When the consulate returned his passport, it was accompanied not by a visa but by a letter that said a decision about his visa had been delayed for three to six months. The two classes he was set to teach — one on far-right populism and another on political memory in Germany — were in jeopardy.
On Thursday morning, after spending weeks teaching the course over video conferencing from his home and after an appeal from U-Va. officials, Funke got an email from the consulate saying his visa had been granted.
The news comes just in time for Funke to finish the academic term with his students. But questions have been raised about what prompted the delay, which was first reported by the Cavalier Daily, the independent student newspaper.
A State Department official declined to answer questions about Funke’s case, saying she is barred by law from commenting on individual visa cases.
“We are constantly working to find mechanisms to improve our screening processes and to support legitimate travel and immigration to the United States while protecting U.S. citizens,” said the official, who spoke on the condition of anonymity, saying she cannot be named and asking that her comments be attributed to a “Department of State official.”
Funke, a renowned academic who studies far-right movements, last year wrote an article for the website of the American Institute for Contemporary German Studies at Johns Hopkins University linking violence in Charlottesville, where a white nationalist rally turned deadly in 2017, to the election of President Trump.
He has also visited Iran, a country whose citizens have largely been barred from entering the United States since Trump took office. The professor last visited Iran in 2014 for an academic conference and to visit the family of his wife, who emigrated from Iran to Germany in the 1980s and is now a German citizen.
In an interview Thursday, Funke said he was confounded because he had received the same visa — one designated for students and professors on academic exchanges — exactly a year earlier when he was a fellow at the American Institute for Contemporary German Studies.
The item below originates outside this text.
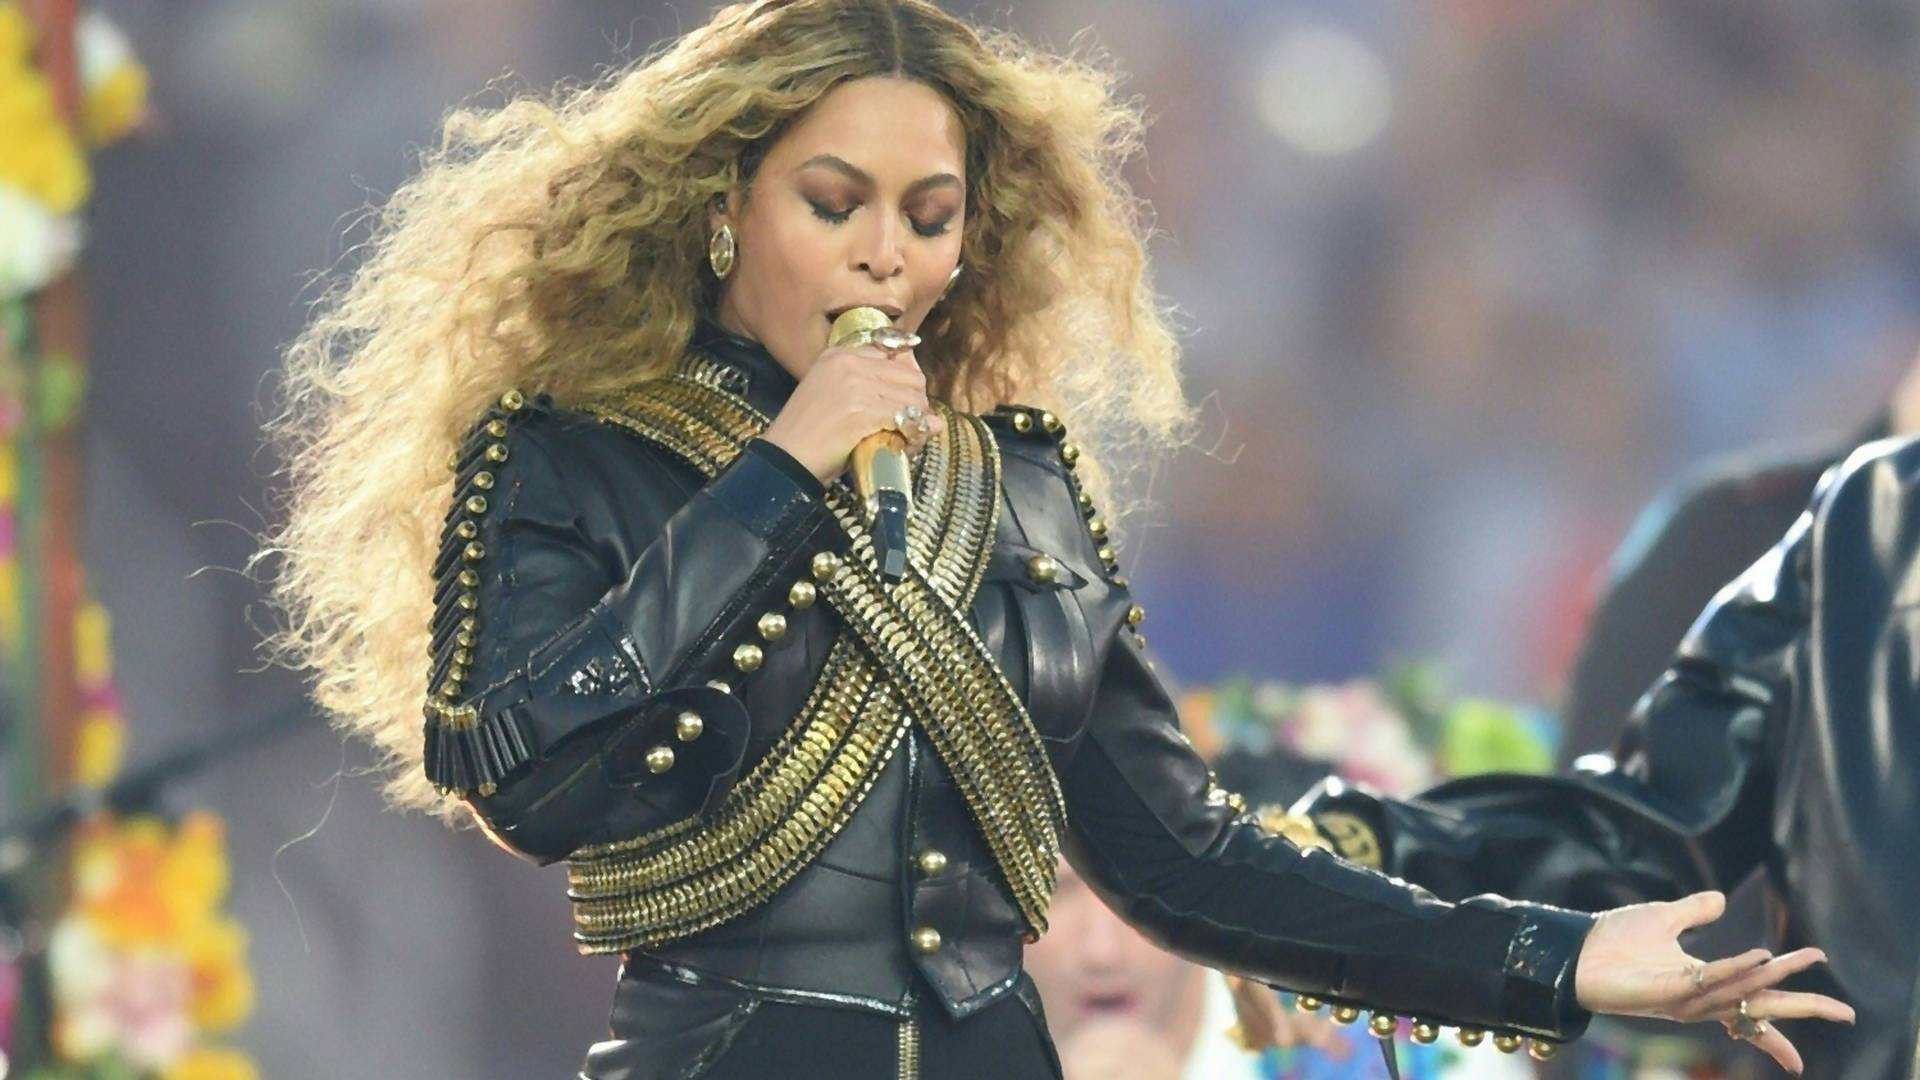 Nowa płyta Beyonce! "Lemonade" już wywołuje pierwsze kontrowersje
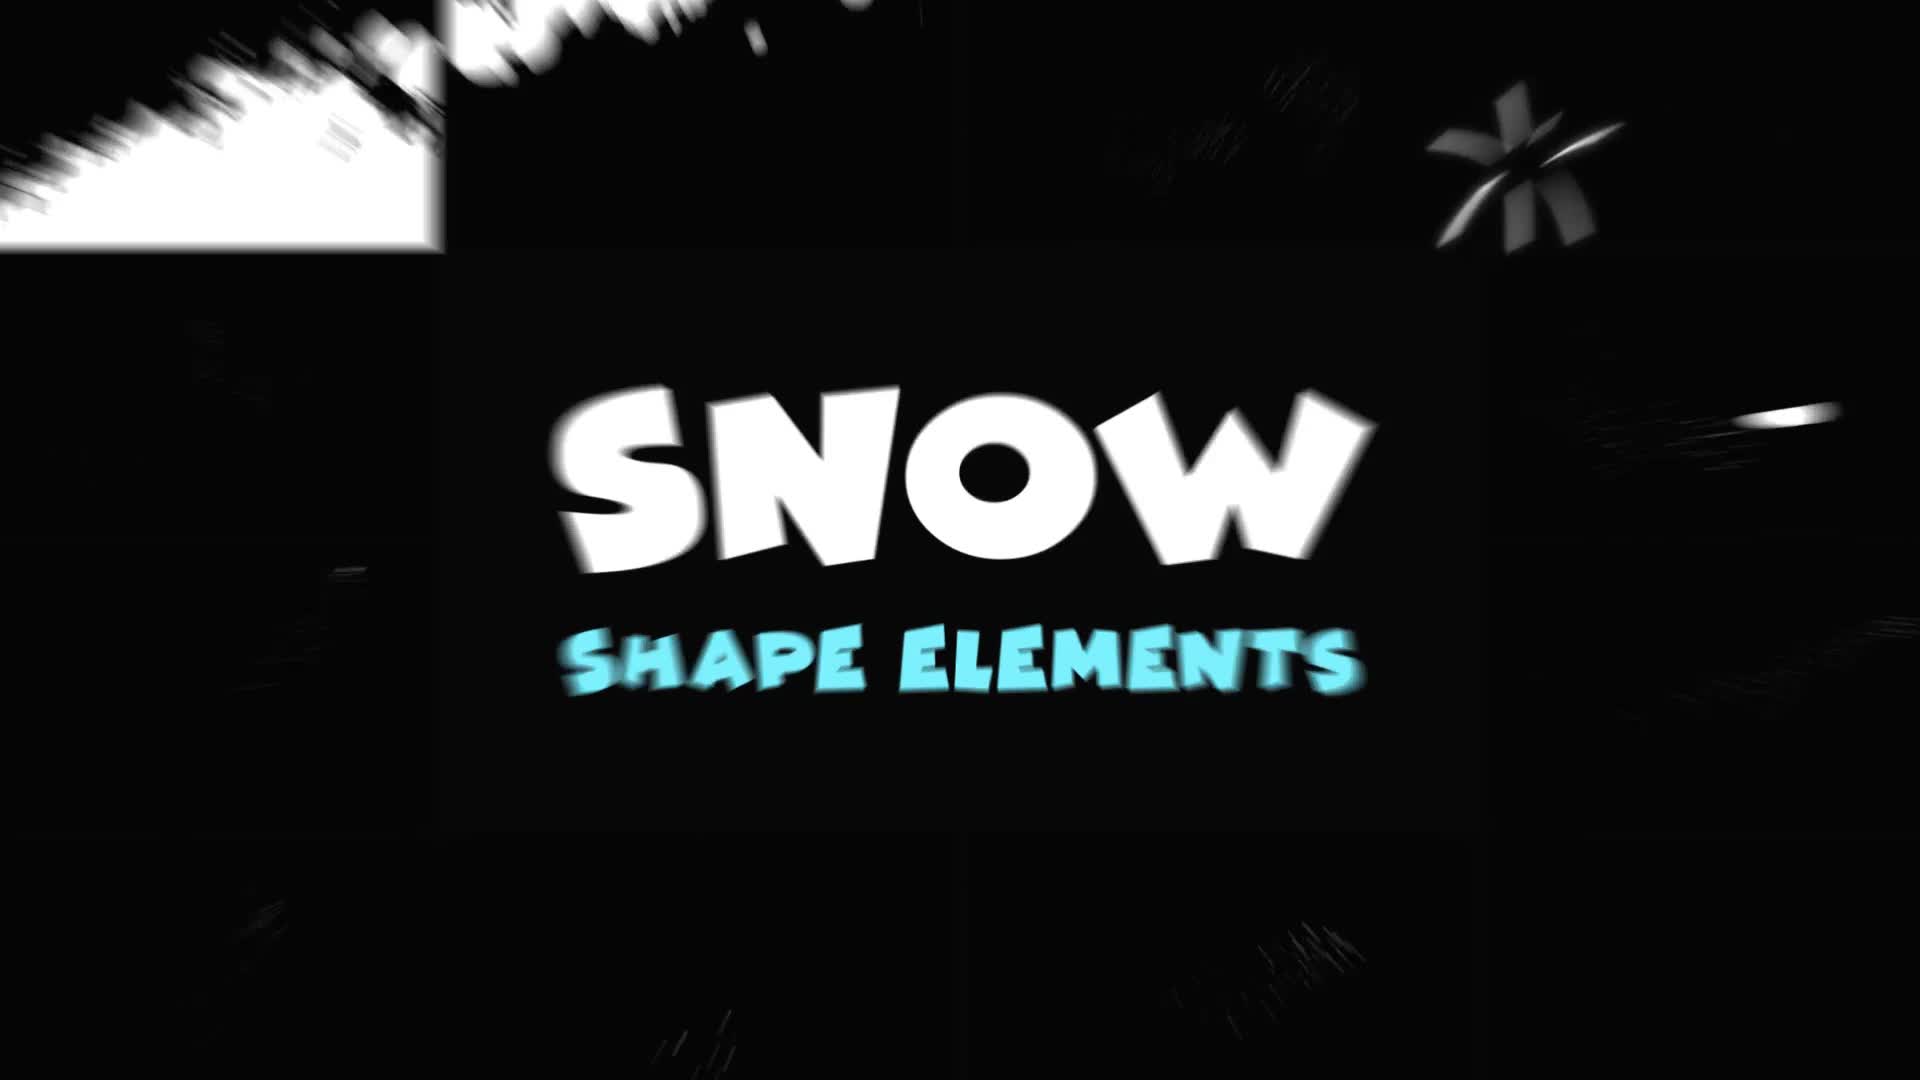 Magic Snow Elements | Premiere Pro MOGRT Videohive 29656735 Premiere Pro Image 2

“I was appalled to a degree, irritated,” Funke said. “It’s not very fair.”
Trump has sought to restrict travel from Iran, citing the potential that visitors pose a “national security threat.” Within days of taking office, he announced a travel ban that barred visitors from five predominantly Muslim countries, including Iran, and has granted exceptions to a fraction of those who have applied for visas. The sweeping ban has kept Iranian grandmothers from visiting family in the United States and barred a Libyan toddler from being reunited with her American mother.
The travel ban has also posed challenges for students and scholars seeking to study or conduct research in the United States. Recently, Iranian students have had their visas abruptly revoked when they attempted to return to school.
Protests erupted last month at Logan International Airport in Boston when Shahab Dehghani, an Iranian student who had arrived to start his spring semester at Northeastern University, had his visa revoked. Boston immigration attorneys told Commonwealth Magazine that he was at least the 10th student to be deported from Logan.
Jeffrey Grossman, the chair of Germanic languages and literatures at U-Va. who is co-teaching the classes with Funke, said students are deeply interested in both classes’ topics — far-right populism and political memory — in part because of Charlottesville’s unfortunate connection with both topics.
In August 2017, it was the site of a violent protest by white nationalists who had come to oppose the removal of a statue of Confederate Gen. Robert E. Lee from a downtown park, filling the air of the quaint college town with racist and anti-Semitic chants. One protester, a man from Ohio with Nazi leanings, drove his car into a group of counterprotesters, injuring dozens and killing one, 32-year-old Heather Heyer.
Trump, later discussing the rallygoers and the counterprotesters, said there were “good people on both sides.” It became a flash point for critics who charge that Trump is emboldening white supremacists.
Grossman said the classes were partially inspired by a desire to help students process what had happened within a historical and global context, particularly as far-right movements rise in Germany, Austria, Poland, Hungary and the United States.
This week, one student in the class on far-right populism delivered an emotional presentation that touched on his experience as a counterprotester at the 2017 protest. Another student, in the class on political memory and the Holocaust, has had a reckoning with her education in rural Virginia, where she incorrectly learned that the Civil War was about states’ rights — not slavery.
After the events in 2017, Grossman said, “We certainly felt a strong consciousness . . . to take steps to work for a better world so things like that don’t happen again.”
The delay in Funke’s visa provided another teaching moment, Grossman said. When a student inquired about Funke’s visa situation last week, an exasperated Grossman replied: “You’re seeing right-wing populism in action.”